I'm not the most knowledgeable about cars but I do take really good care of my Jetta and have stayed ahead of all the factory-recommended service. Only saying that to say that I'm a young woman but I'm not stupid, so hopefully you all can help me out, but if you have questions or things I need to clarify please phrase them in lay-woman's terms.

Thanks in advance!


----------



## gigipaul (Dec 29, 2017)

*My 2002 jetta have same problem. Did you resolved this issue*

My 2002 jetta have same problem. Did you resolved this issue? Here the temperature is subzero yesterday and today.


----------



## UsedVW (Jan 8, 2018)

*Wipers not working*



j_j_jetta said:


> I drive a 2011 VW Jetta 2.5 SE sedan and live in northwestern Vermont.
> 
> So far this winter we have had about 4-5 days of cold weather (10-15 degrees farenheit). For the past two of them my windshield wipers have not worked.
> 
> ...


I was having the same problem. Of course it has warmed up so my wipers are working now. I’m pretty sure it will take care of the problem 
Copied from another forum...

Quote:
I had the exact same issue. I did some reading and kept seeing issues of corroded wiper linkage. That in fact was the issue. I couldn't get the wipers to work at all for several days. I heard a faint click under the dash but no wiper movement. I removed the wiper motor with linkage attached. It is not that difficult to do. After removing the connection to the motor I could barely move the linkage.

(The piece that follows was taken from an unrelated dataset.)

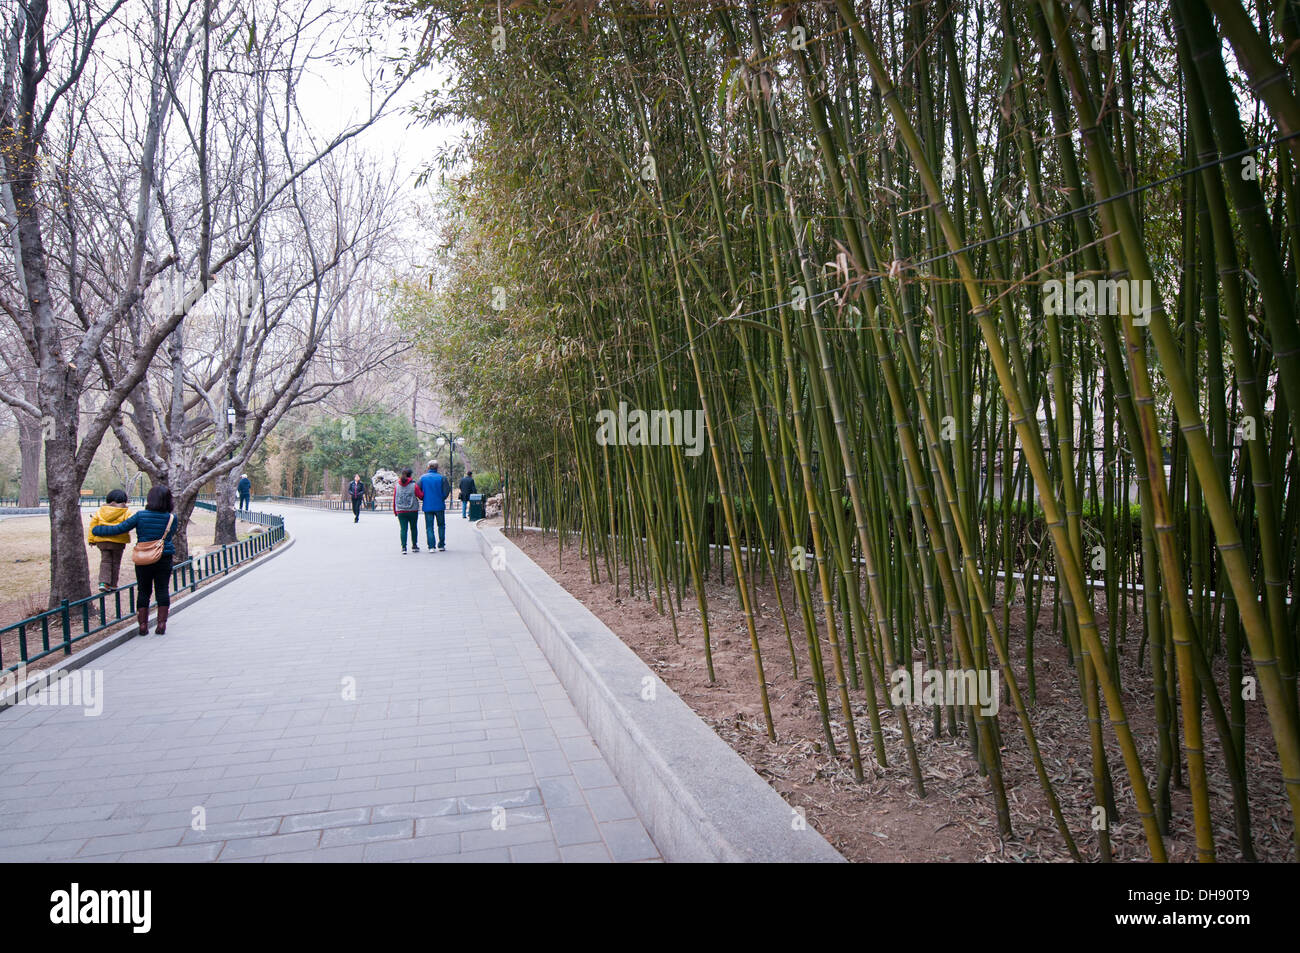 Phyllostachys propinqua bamboo, Zizhuyuan Park commonly known as Purple or Black Bamboo Park in Haidian District, Beijing, China Stock Photo

I pulled it all apart and cleaned everything real well with fine grit sandpaper and cleaned it all up. I then reassembled it with lots of marine grease. The wipers work better than ever now. I park outside in Illinois and they have been going strong for 2 weeks now. Maybe you have the same issue.


----------



## KRLD22 (Feb 12, 2018)

*Jetta wipers don't work in cold*

Has anyone ever found a fix this this problem? Have a 2011 VW Jetta and having a rather cold winter in Southwestern Ontario. Wipers don't work any morning that I park outside if it's -8 C or colder. Drive to work. Park. An hour later if I try them they work.
Have seen it online with a lot of VW jetta owners saying the same thing but no one ever seems to have a solution.
I did try taking the wiper assembly out this past weekend but it wasn't tight or ceased. Greased it up and put back together. This morning they didn't work in the cold again.
Just wondered if anyone here heard or found any solutions.
Thanks.


----------